The activities of the calmodulin-dependent enzymes, pea seedling NAD kinase, bovine brain cyclic nucleotide phosphodiesterase and human erythroctye Ca2+-ATPase were determined in the presence of varying amounts of calmodulins from bovine brain, human erythrocyte, mung bean seed, sea pansy (a marine coelenterate), mushroom, and Tetrahymena. Pea seedling NAD kinase required 10 to 100-fold lower calmodulin concentration for 50% activation than did bovine brain cyclic nucleotide phosphodiesterase or human erythrocyte Ca2+-ATPase. The activation of phosphodiesterase and Ca2+-ATPase by all calmodulins tested was cooperative with Hill coefficients ranging from 1.3 to 2.0. The activation of NAD kinase by mushroom, Tetrahymena, sea pansy, bovine brain, and human erythrocyte calmodulin was not cooperative (Hill coefficients = 1.0) whereas activation of this enzyme by mung bean calmodulin was cooperative (Hill coefficient 1.3). The order of potency of the six calmodulins differed for each of the three enzymes. For Ca2+-ATPase the order of potency was erythrocyte > brain = sea pansy = mung bean = mushroom = Tetrahymena.
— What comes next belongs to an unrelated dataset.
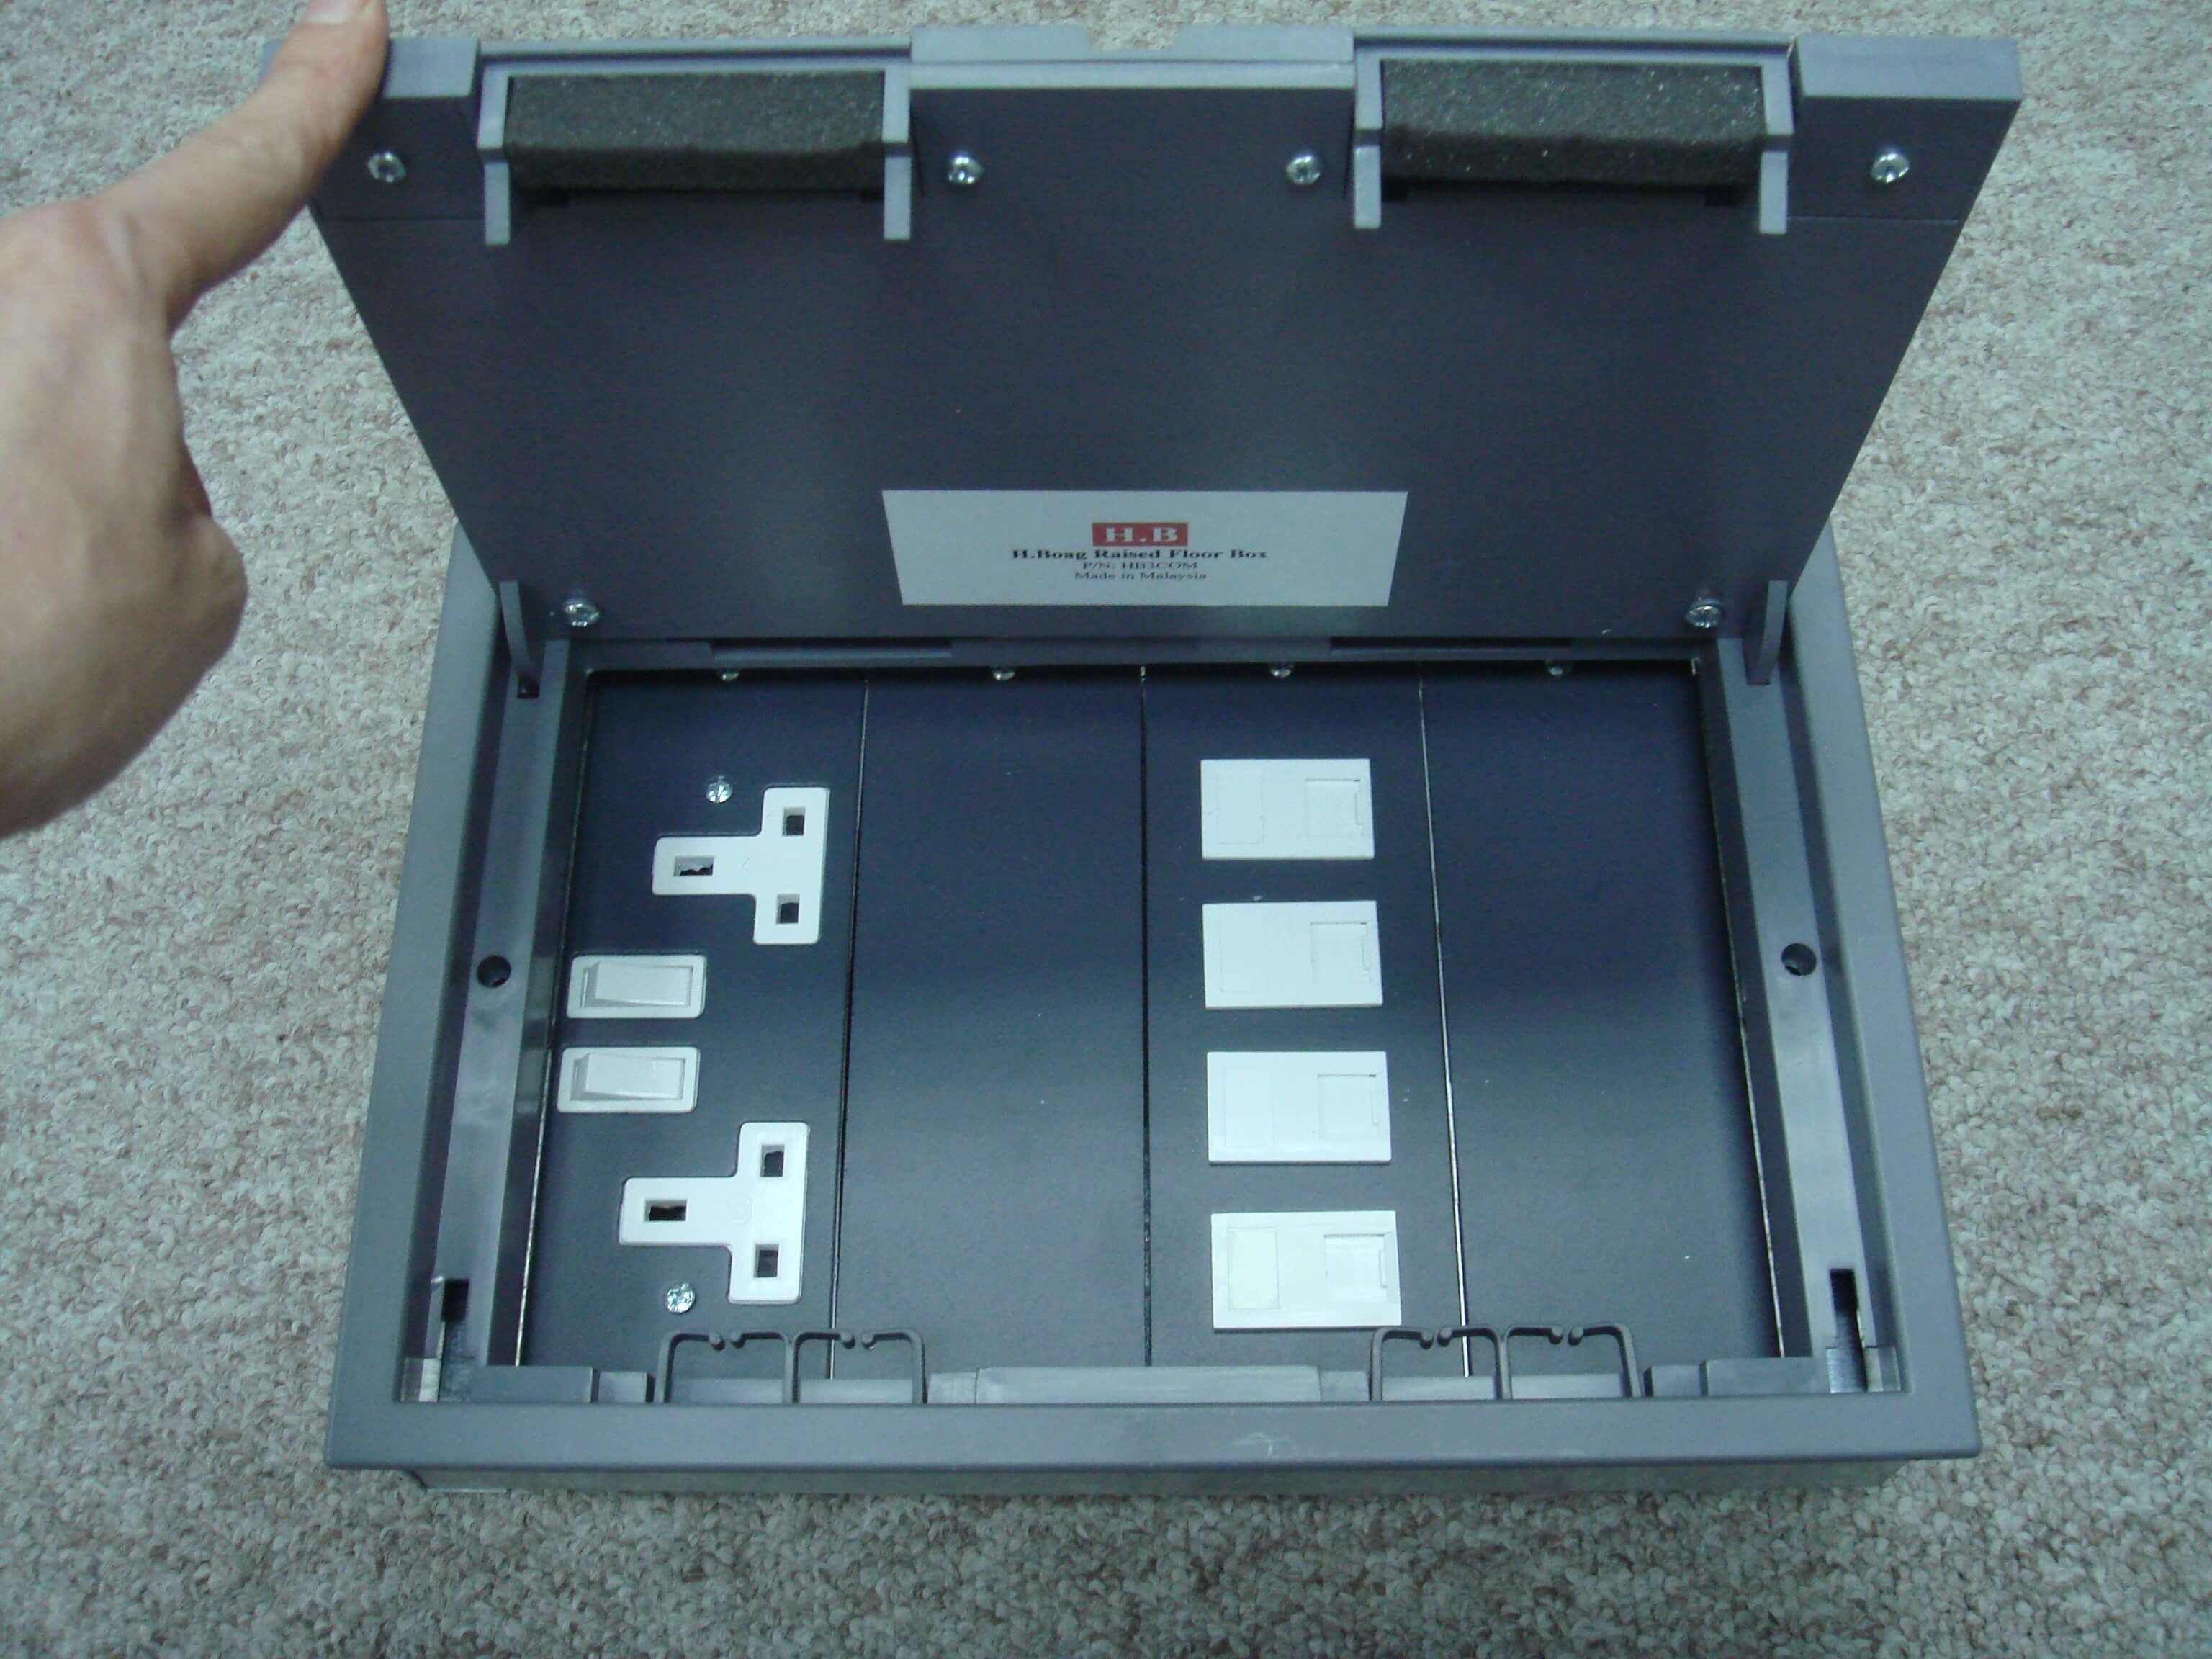 H.Boag Raised Floor Box (4 Compartment)

For phosphodiesterase the order was erythrocyte = brain > mung bean = sea pansy > Tetrahymena > mushroom. For NAD kinase the order was Tetrahymena > mung bean > erythrocyte > brain = sea pansy = mushroom. These data show that calmodulin-dependent enzymes recognize different features of calcium-calmodulin complexes.